A block with mass m = 19.1 kg slides down an inclined plane of slope angle 18.2 o with a constant velocity. It is then projected up the same plane with an initial speed 2.05 m/s. How far up the incline will the block move before coming to rest?
To find the distance the block will move up the incline before coming to rest, we can use the concept of work and energy.
First, let's consider the block sliding down the inclined plane with a constant velocity. Since the velocity is constant, the net force acting on the block must be zero.
The gravitational force acting on the block can be resolved into two components: one parallel to the incline (mg sinθ) and one perpendicular to the incline (mg cosθ).
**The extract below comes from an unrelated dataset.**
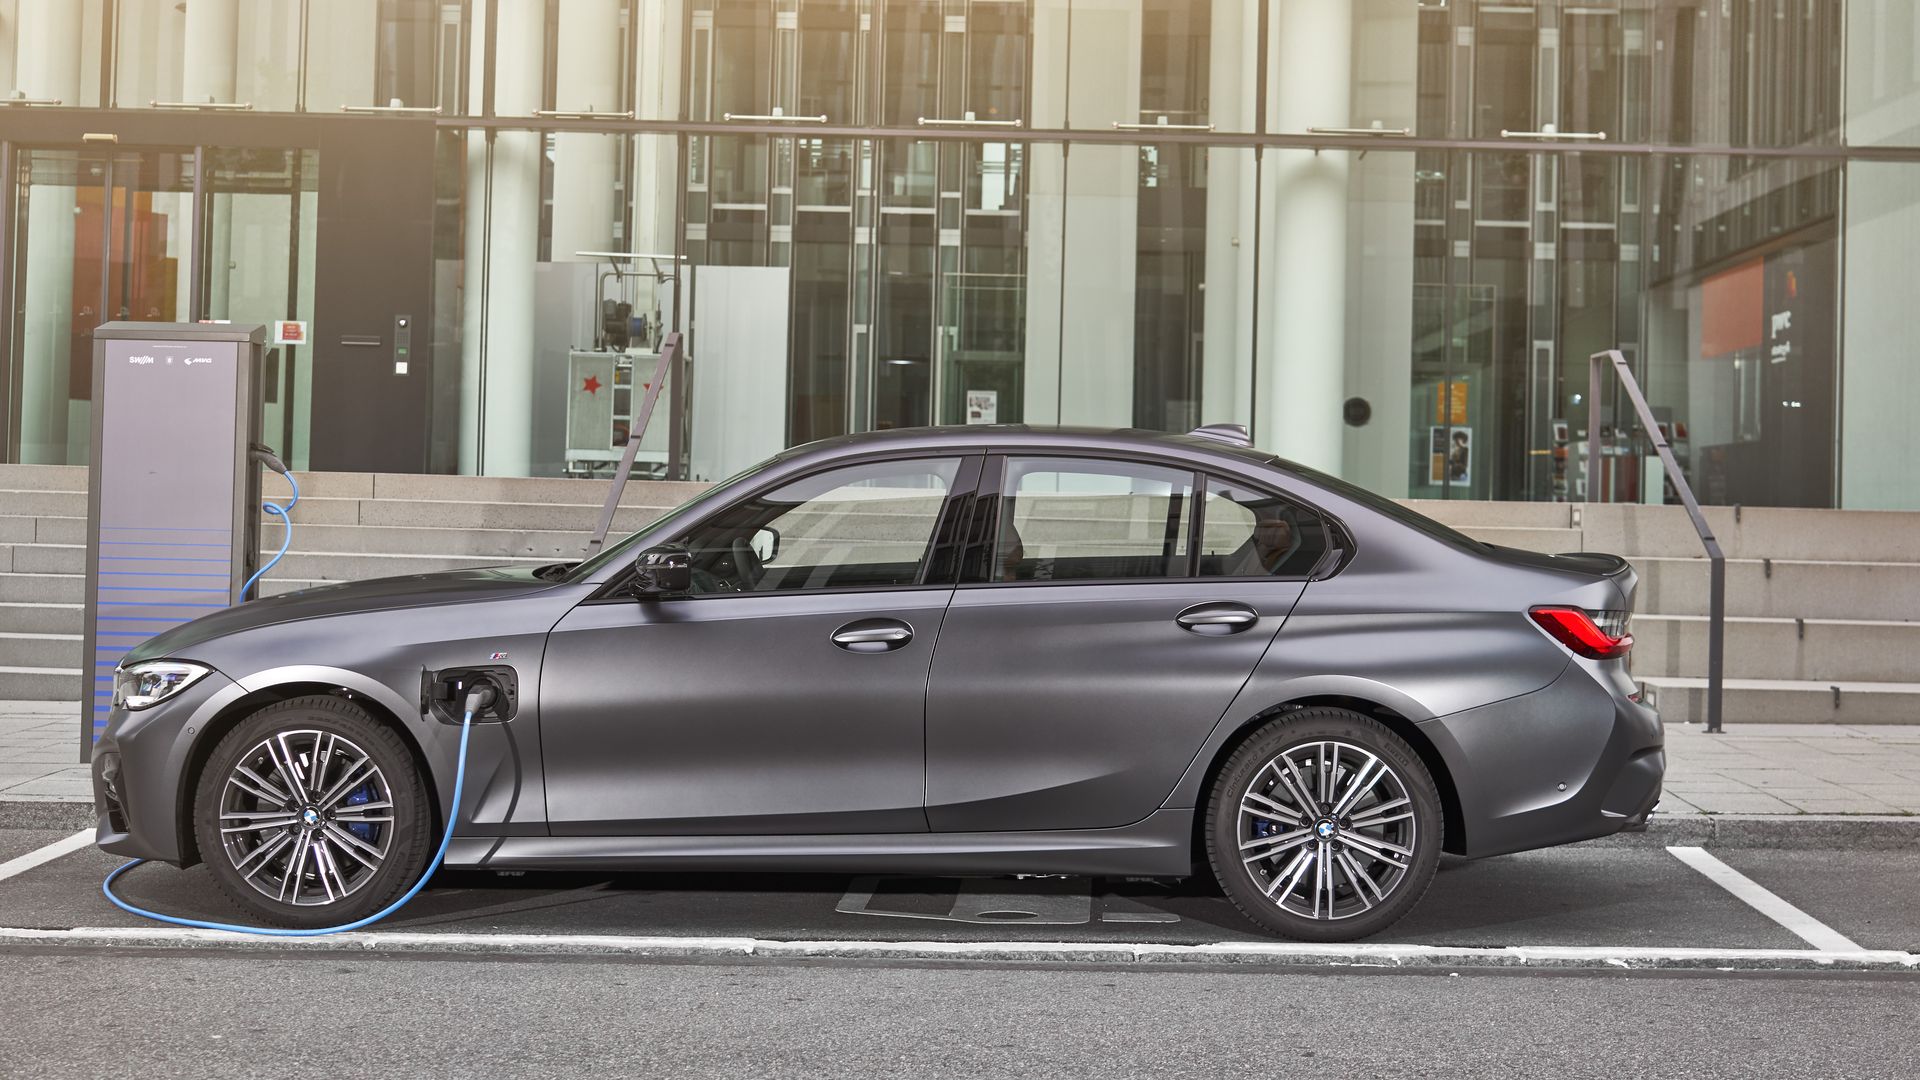 Image of a plug-in hybrid BMW 330e sedan plugged into a charging station

Since the net force is zero, the force of friction opposing the block's motion up the incline must be equal in magnitude to the component of the gravitational force parallel to the incline (mg sinθ). Therefore, the force of friction can be expressed as:
Friction force (f) = mg sinθ
Next, let's consider the block being projected up the incline with an initial speed of 2.05 m/s. The block will continue moving up until the force of friction stops it.
The work done by the force of friction can be calculated using the formula:
Work (W) = force x distance x cosθ
Since the block comes to rest, the work done by the force of friction must be equal to the initial kinetic energy of the block (1/2 mv^2):
W = (1/2)mv^2
Setting the work done by friction equal to the initial kinetic energy:
mg sinθ x d x cosθ = (1/2)mv^2
We can cancel out the mass and solve for the distance (d):
d = (1/2) v^2 / (g sinθ x cosθ)
Substituting the given values:
d = (1/2) * 2.05^2 / (9.8 * sin(18.2) * cos(18.2))
Calculating this expression will give us the distance up the incline the block will move before coming to rest.